The government’s ambition of making India a global manufacturing hub has led to an increased focus on the core and emerging sectors by promoting ease of doing business and measures to upgrade public works and boost digitization.
Finance Minister Nirmala Sitharaman is expected to reaffirm the government’s commitment to boosting growth by focusing on infrastructure creation and manufacturing in the budget for FY 2024 she will present on February 1.
But road-related capital expenditure may stay flat, experts say, citing concerns over the growing debt of the National Highways Authority of India (NHAI).
Last year saw earnings upgrades and robust order flows for most industrial companies, wrote financial services firm Jefferies in a note to clients. Although order flow growth may slow in 2023, operating leverage should continue to surprise, it added.
“Power T&D (Transmission and Distribution), Railways, Data Centres, Logistics, PLI (Production-Linked Incentive schemes) and Metals are the sub-segments we are more positive on,” Jefferies wrote.
“Budget 2024 commentary dropping capex focus is a potential red flag,” the firm wrote.
Market participants have pointed out that the budgetary allocation for infrastructure capex has gone up substantially over the past few years.
The government’s ambition of making India a global manufacturing hub has led to an increased focus on the core and emerging sectors by promoting ease of doing business and measures to upgrade public works and boost digitization.
The government is also looking at the Nation Asset Monetisation Plan to support the ambitious targets set under the National Infrastructure Pipeline.
Market participants say the government will continue to focus on infrastructure development, broad-based capital expenditure and manufacturing-led growth.
“The FY2024 Union Budget should remain focused on pro-growth initiatives such as continued infrastructure and capacity development investment,” said Manish Goel, founder & director, Research and Ranking.
Jefferies noted that the FY24 budget is the last material one before the national elections due in May 2024. The February 2024 budget cannot make material changes because of election embargo rules.
Nomura explained that the government’s focus is usually on electorally popular measures ahead of polls, the reason why it expects awards for road construction to not pick up in FY24. It has noted the trend of a slowdown in road-building orders ahead of the general elections in FY09, FY14 and FY19. A key reason is that the Election Commission of India enforces a Model Code of Conduct just ahead of the elections.
The government’s infra push has increased demand for construction material and equipment.
HDFC Securities believes that in the long term, India may emerge as an alternative manufacturing hub for global markets. It said multinationals were expanding capacity in India to cater to domestic as well as global demand. The share of exports in the order book and revenue is also increasing.
Excluding Larsen & Toubro (L&T), the order books at infra companies are at multi-year highs and have broken out of range of Rs 2.7-2.9 trillion seen over the past four years, data collected by Nuvama Wealth Research showed.

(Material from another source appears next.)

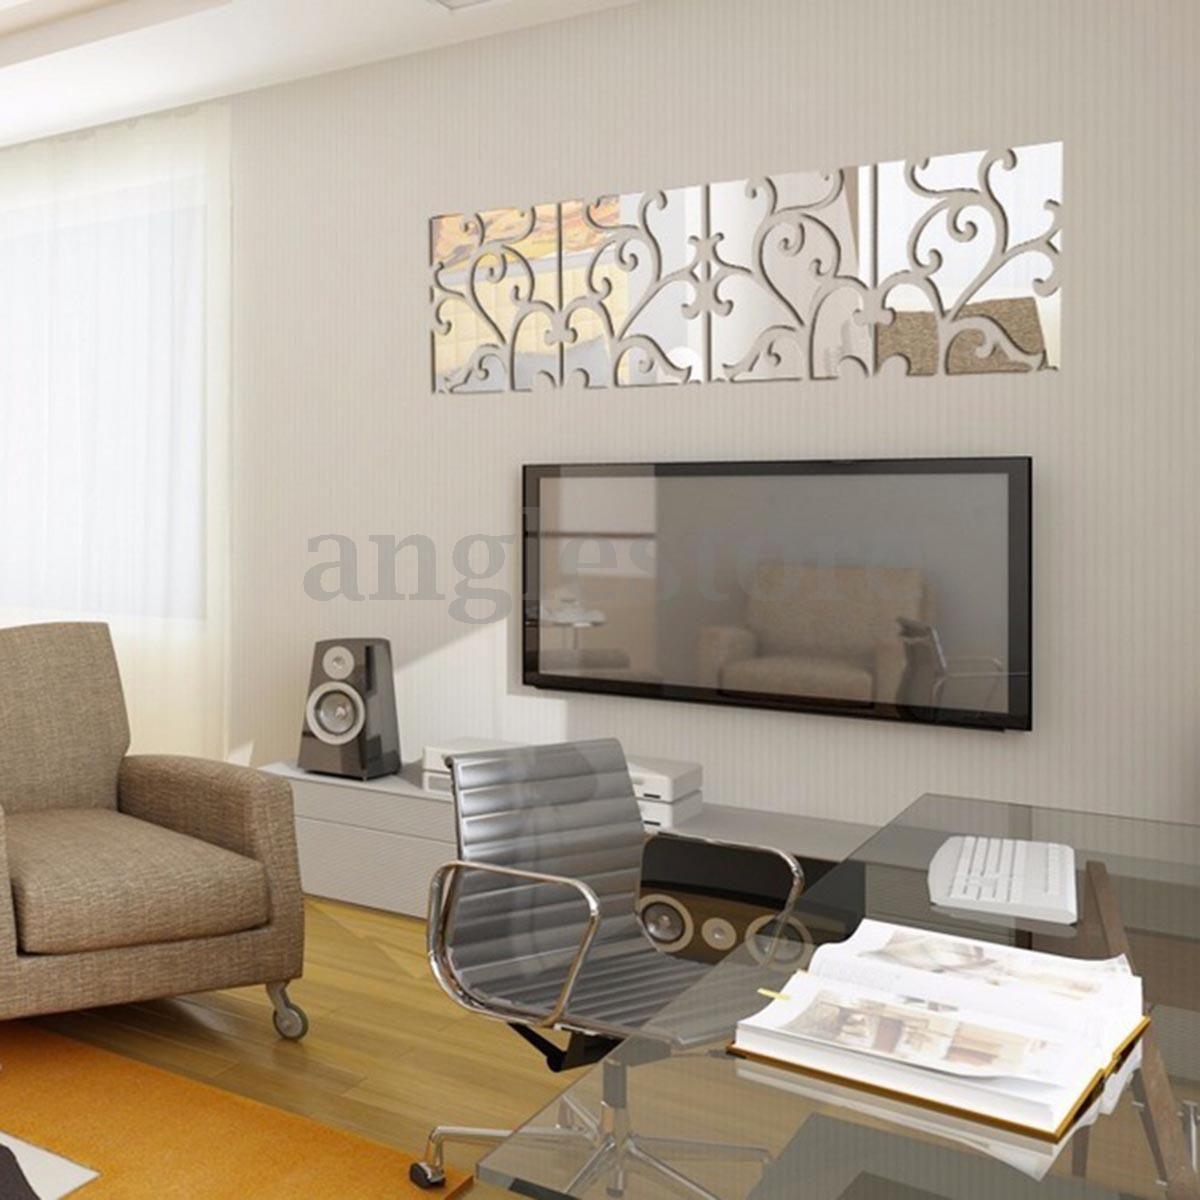 Pcs d vine mirror wall stickers art acrylic tile decal home decor

So far in FY23, valuation comfort, robust balance sheets, and strong order inflows have helped stock-specific rerating.
With inflation concerns easing, commodity prices cooling, and interest rate tightening set to ease, HDFC Securities expects further stock-specific rerating to play out.
The Nifty Infra index in the past one year is up 2 percent, but has risen nearly 7 percent in the past six months.
On road construction specifically, Kotak Institutional Equities said the financial results for the third quarter of FY23 will reflect improved execution on the fairly strong order books of road companies.
Even so, capex on the road sector is tipped to remain flat in the upcoming Budget, mainly because of the mounting debt of NHAI, which develops, maintains and manages the National Highways entrusted to it by the Centre by awarding road contracts.
The debt of NHAI increased to Rs 3.5 trillion in FY22 from around Rs 242 billion in FY15.
Nomura highlighted in a report dated December 10, 2022, that the macro situation for roads and highways is likely to deteriorate over FY24 and budget allocation will strain the ordering activity.
“Weak Budget allocation in FY23BE (Budget Estimate) (effective increase of 1% y-y) does not promise a turnaround in FY23F; with general elections due in May-24, we do not expect a turnaround in ordering for FY24,” wrote Priyankar Biswas and Neelotpal Sahu of Nomura in the report.
IIFL Securities pointed out that ordering for National Highways has been relatively slow with 5,007 km awarded until October 2022, up 2 percent Year-on-Year (YoY).
Even so, several market participants are upbeat about companies such as IRB Infrastructure Developers, PNC Infratech and KNR Constructions.
IIFL Securities wrote: “Allocation in the upcoming budget would be keenly watched and would be a key trigger for re-rating”. Its top picks include PNC Infratech, HG Infra and KNR Constructions, among highway developers, and Powermech Projects among general contractors.
Experts are keeping a close watch on the road monetisation scheme and any announcement on that front would be crucial.